**Execute** the three code cells below before switching to presentation mode

In [1]:
from ipywidgets import Layout, interact, interactive, fixed, interact_manual, widgets
from IPython.display import display


In [2]:
import pandas as pd
from pprint import pprint

In [3]:
# to display a pair of subtokens to be merged in a slider
def get_pairs(pair:int):
    """
    pair: index of the pair. 
    """
    if pair>0:
        left, right = lines[pair].strip('\n').split(' ')
        print(f'{left} , {right}')
        
# to display token ids  in a slider
def display_token_id(id):
    token,id = vocab_sorted[id]
    print(f'id:{id} \t token:{token}')

<h1 style="color:Tomato;"> Dataset </h1>

In [4]:
from datasets import load_dataset

We will use the `bookcorpus` dataset to train a tokenizer. It may take about 15 minutes or more to download and generate the split for the first time.
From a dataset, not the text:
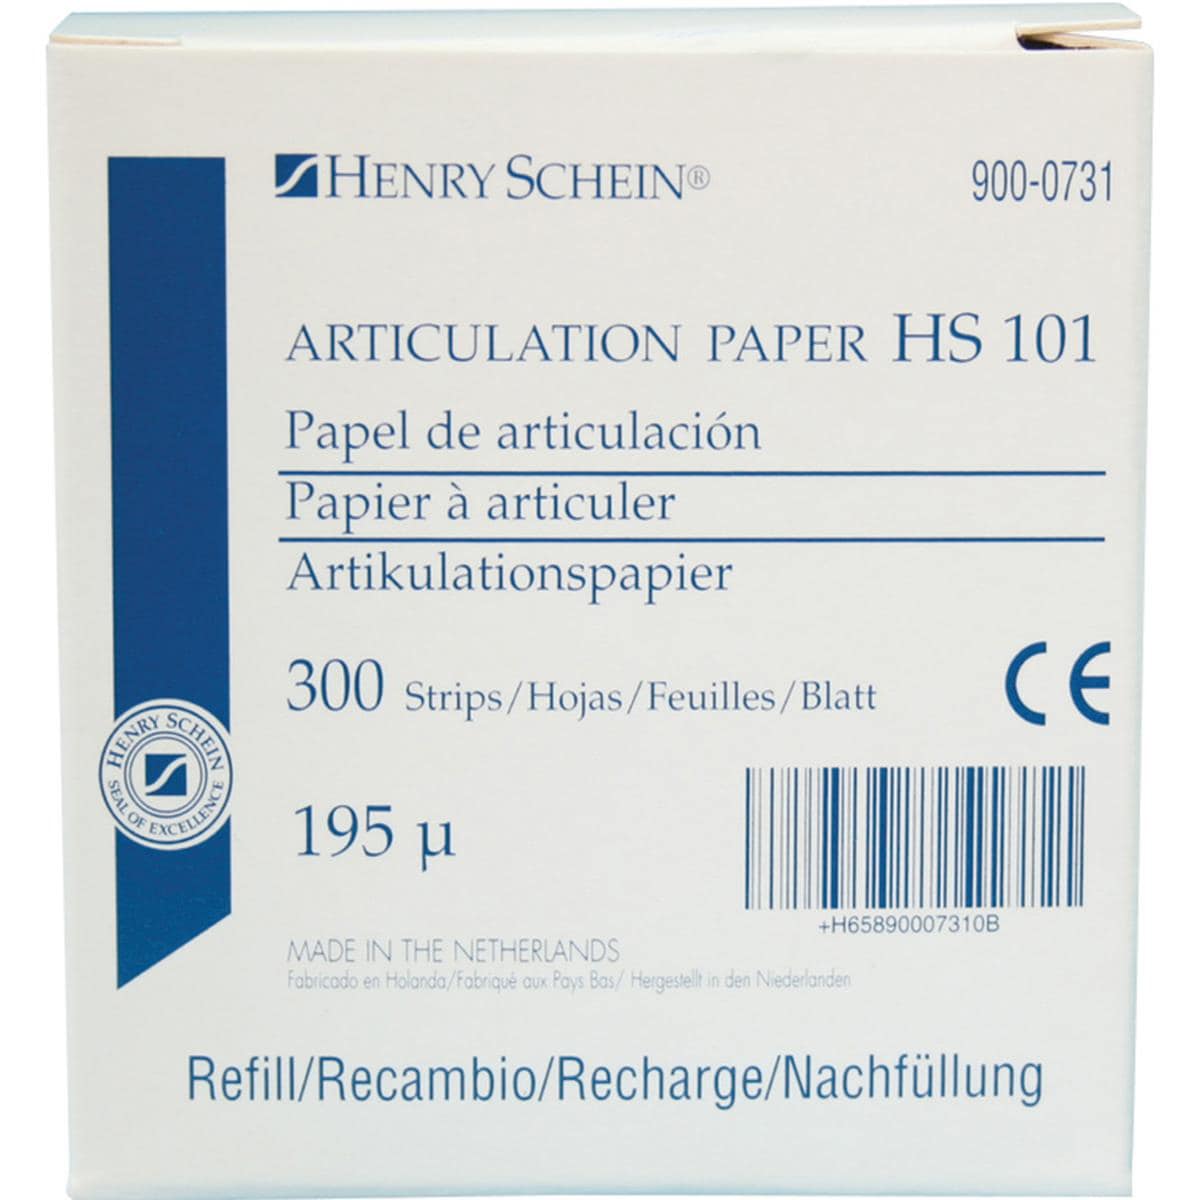 HS Articulating Paper Dispenser Refill 195 microns 300 sheets

It requires approximately 5 GB of memory to load the dataset. Please ensure you have sufficient memory available. If not, consider loading only a fraction of the dataset.

In [5]:
ds = load_dataset('bookcorpus',split='all')
pprint(ds)

Dataset({
    features: ['text'],
    num_rows: 74004228
})


The dataset contains 74 million sentences of varying lengths.

The length of sentences does not affect the training of a tokenizer.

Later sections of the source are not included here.